Makes no sense that deadline is broken in 34.5.  Could you attach the patch
you used to create 34.5?  Thanks, John

Comment 22 Boris Mironov 2006-03-21 19:43:15 UTC
It might be interesting but under each test (kernel 11smp, 34smp) I saw kernel 
errors during database restart phase. But only ASM-based databases were 
restarting. Raw-based databases just hung indefinetely.

Example of kernel errors.
"34smp / Oracle ASM" test:
Mar 21 14:27:07 gemini2 kernel: end_request: I/O error, dev sdb, sector 1552591
Mar 21 14:27:07 gemini2 kernel: end_request: I/O error, dev sdb, sector 1565391
Mar 21 14:27:07 gemini2 kernel: end_request: I/O error, dev sdb, sector 1569871

P.S. I asked Oracle to double check my config files for RAW test. Sorry if it 
is my mistake.

P.P.S. I can not check deadline scheduler at the moment with ASM because there 
is no official release for development kernel. I will try to make it from 
source code. At the moment the only thing I can check is RAW device 
installation.

Thanks,
Boris

Comment 23 Boris Mironov 2006-03-21 19:47:04 UTC
John, Please note that on Feb 11 I had default IO scheduler (cfq). Not 
deadline. I was told to try it on Mar 10 only.

Thanks,
Boris

Comment 24 Joel Becker 2006-03-21 20:21:28 UTC
Boris, please clarify.  I don't see why you cannot check deadline and cfq on the
same kernel, as they ship with every kernel.  I suspect I'm just not
understading you.


Comment 25 Boris Mironov 2006-03-21 20:28:43 UTC
Hi Joel,

I just updated TAR #4855265.992 with request to double check my config files 
for the "raw" test. I tested both IO schedulers under each kernel (11smp, 
34smp, 34.4smp, 34.5smp).

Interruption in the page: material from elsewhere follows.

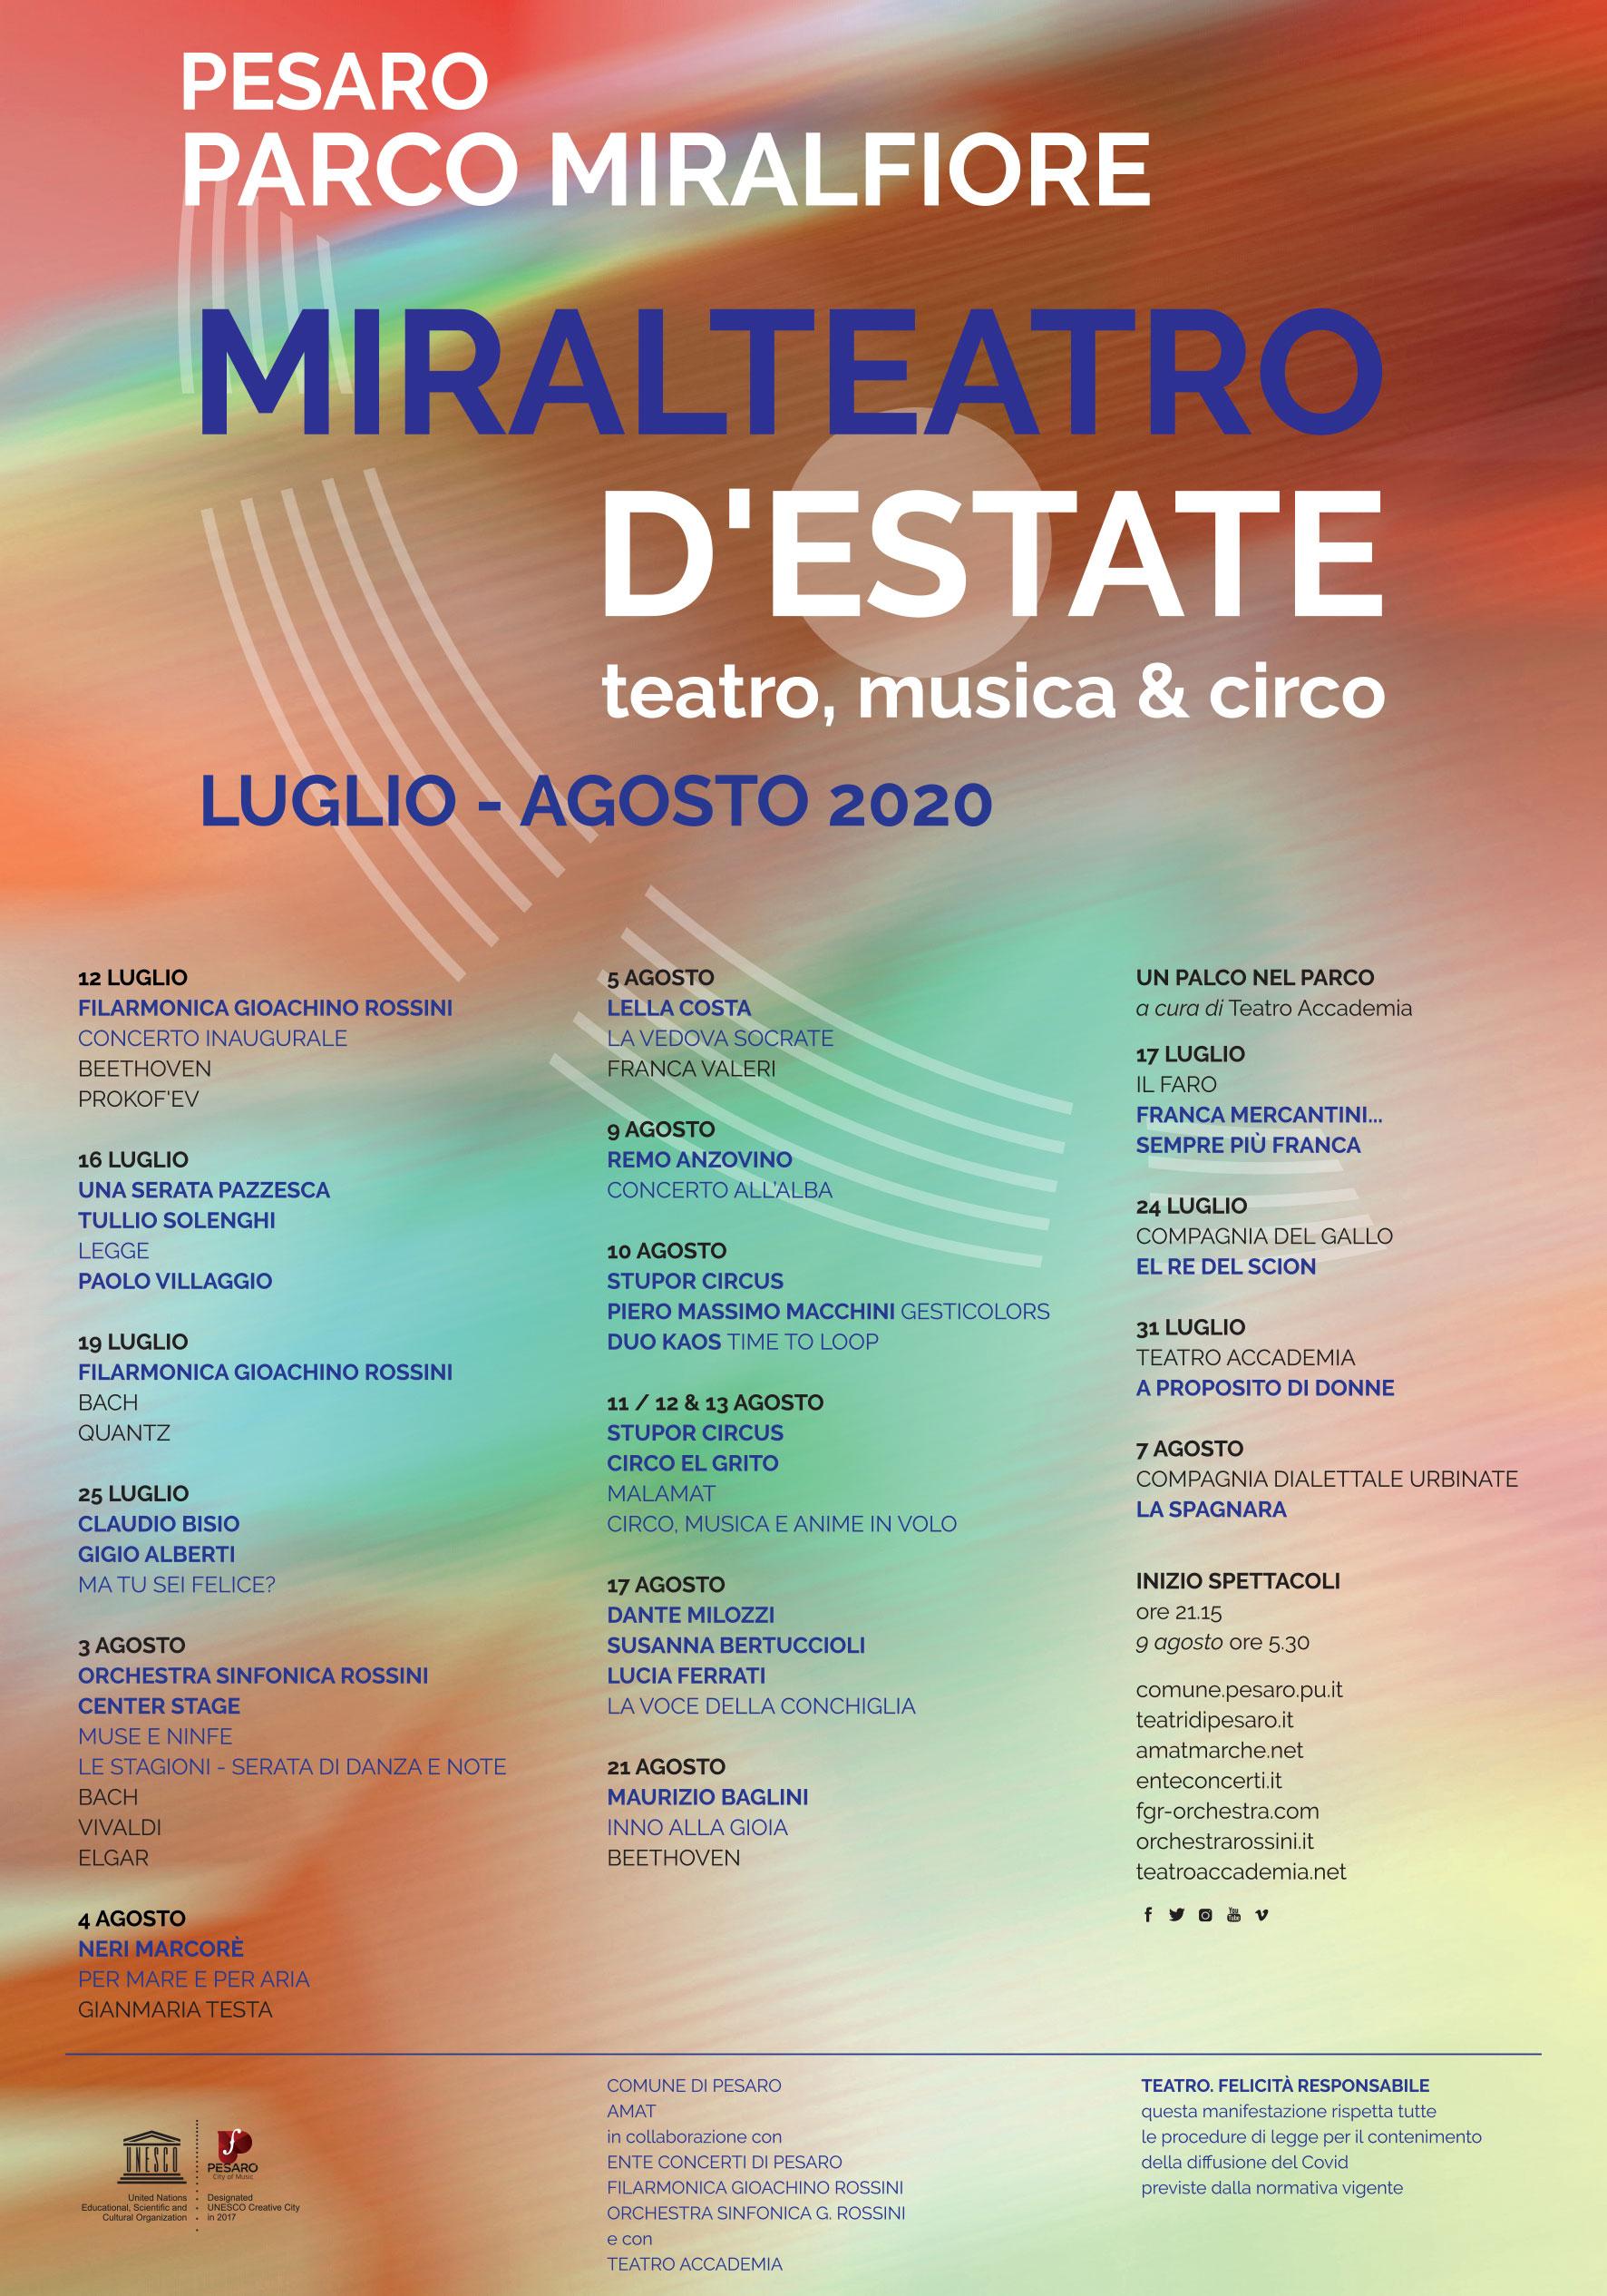 Pesaro | Miralteatro 2020

Because last two kernels are development therefore 
there is no official ASMlib release. I also have concern that I'm doing "raw" 
test incorrectly. I also noticed that ANY test produces kernel "end_request" 
errors but ASMlib recovers from them and "raw" does not.

Hope it shed some light on my chaotic thoughts,
Boris

Comment 26 Joel Becker 2006-03-21 21:36:18 UTC
3) I used the following raw config file:
system=/dev/raw/raw1
sysaux=/dev/raw/raw2
users=/dev/raw/raw3
temp=/dev/raw/raw4

What do you mean "raw config file"?  The only raw config file I know is
/etc/sysconfig/raw, and it doesn't have the above format.

Comment 27 Boris Mironov 2006-03-22 02:09:34 UTC
Hi Joel,

Sorry for confusion. This raw config file is used in dbca to create new 
database. Proper name is "Raw devices mapping file" and it is used on step 6 
of 12 (Storage options) of Oracle 10g R2 dbca-utility. It is 
NOT /etc/sysconfig/rawdevices.

Regards,
Boris

Comment 28 Boris Mironov 2006-03-24 20:08:11 UTC
Hello,

I tried kernel 2.6.9-34.7.ELsmp with "schedule=deadline" under "Oracle raw" 
test. dbca stopped at usual 74% but /var/log/messages showed just single 
kernel error instead of three:

Mar 24 14:06:11 gemini2 kernel: end_request: I/O error, dev sdc, sector 
32136351

I also see the following error from time to time:

Mar 24 14:49:48 gemini2 kernel: warning: many lost ticks.
Mar 24 14:49:48 gemini2 kernel: Your time source seems to be instable or some 
driver is hogging interupts
Mar 24 14:49:48 gemini2 kernel: rip __do_softirq+0x4d/0xd0

This error existed in all kernels.

Thanks,
Boris

Comment 30 Daniel Riek 2006-11-21 20:13:43 UTC
This request is not planned for inclusion in the next update. The decision is
based on weighting the priority and number of requests for a component as well
as the impact on the Red Hat Enterprise Linux user-base: other components are
considered having higher priority and the number of changes we intend to include
in update cycles is limited.

Comment 31 RHEL Program Management 2006-11-21 20:22:35 UTC
Product Management has reviewed and declined this request.  You may appeal this
decision by reopening this request.